A recent tweet asking about how to achieve zero allocation code in Unity inspired me to write a short piece about the importance of memory allocation in c# and game development.
C# wasn’t initially designed for game development, but today, thanks to Unity, ECS and Burst, we can achieve great results in terms of performance that were previously the only domain of c++ developed products. However, in order to get these results, the c# programmer must understand the fundamental limitations of operative systems and CPU architectures, as a c++ programmer does. The c# programmer must also know how c# works at its core to understand why seemingly harmless behaviours can actually heavily affect the execution performance.
This article is therefore aimed at people who want to be sure they are using their tools optimally. If you don’t need this kind of performance, the article is still useful for knowledge.

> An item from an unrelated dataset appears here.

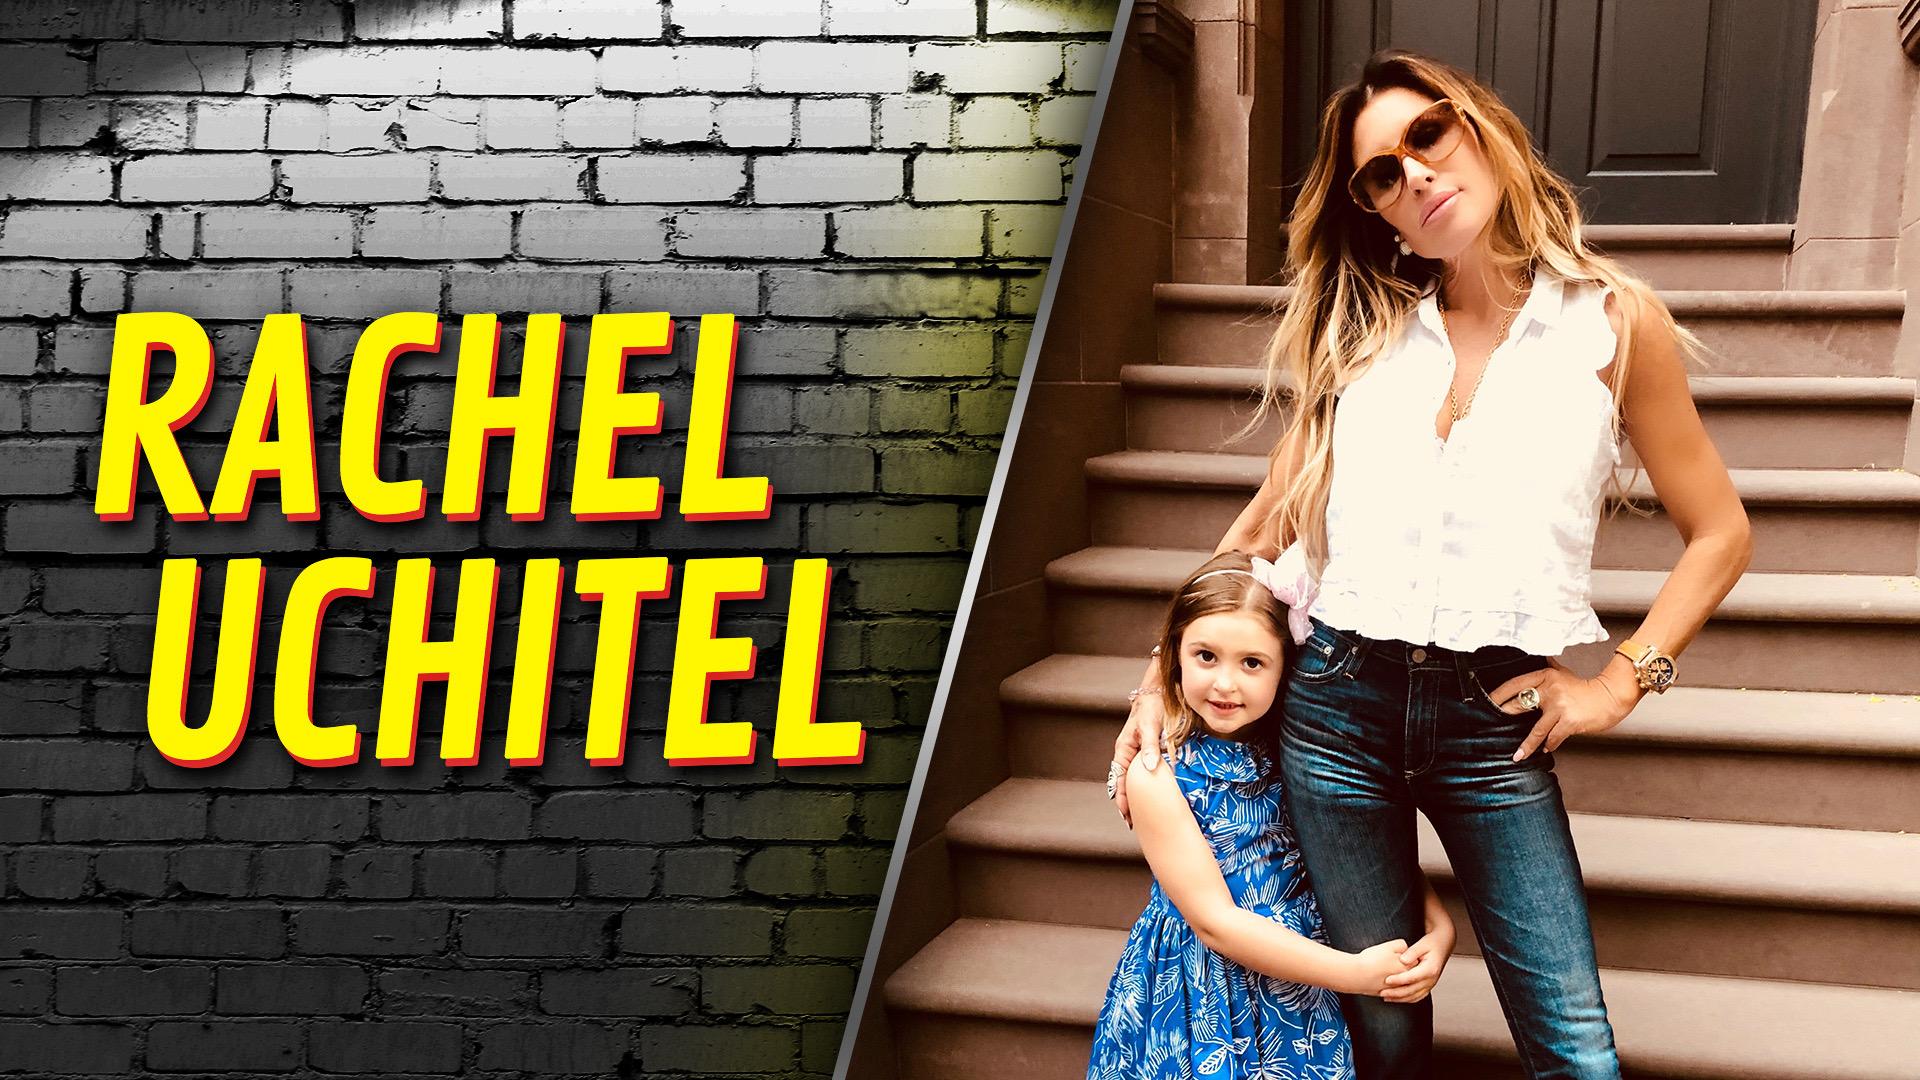 #YOULIVE 134 – Rachel Uchitel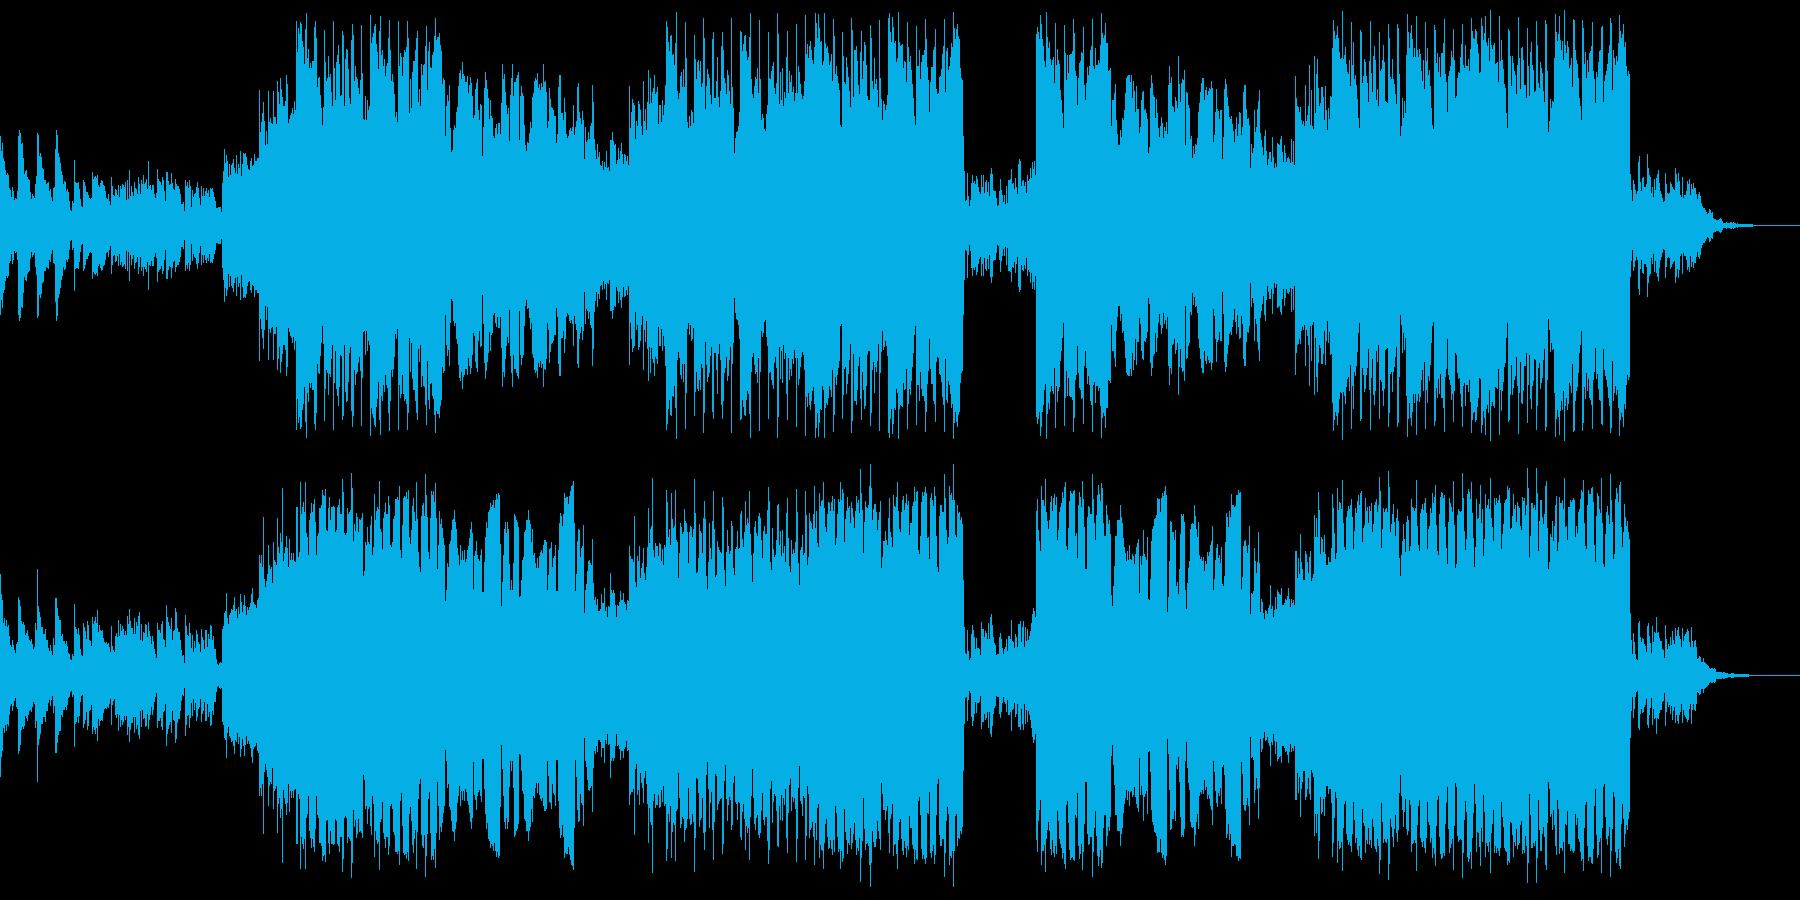 ハロウィン用BGM③壮大なテーマ曲の再生済みの波形

Allocating data structures and objects
Let’s start from the c# memory allocation strategy. We all know that c# uses garbage collection, but this doesn’t come for free. According my tests, allocating an empty class is 3 times slower than allocating the same class using native memory (Marshal.AllocHGlobal) and 50 times slower than creating a new struct. Structs are much faster because no allocation is ever involved with them unless by mistake boxing/unboxing happens.
There is more to it though: object references are not garbage collected until they are referenced by something. How does the GC know if a reference is still held though? Contrary to what one may think, a reference assigned to a field of an object is not just an assignment! More, slower, stuff happens under the hood to help the garbage collector detect what is referenced by what, hence working with references, instead of structs, is slower not just for allocations.
Of course, let’s not forget that allocating continuously eventually leads to a garbage collection kicking in at any point of the execution time which is made worse by the fact that the Unity garbage collection is one of the slowest implementations out there.
If you want to know more about what happens under the hood with c# memory allocation, you should definitively read this book:
Remember that even with GC, memory leaking is still possible! The most common cause of memory leaking is usually due to stateful static classes not clearing their references. As static classes are never collected, what they reference will never be released either!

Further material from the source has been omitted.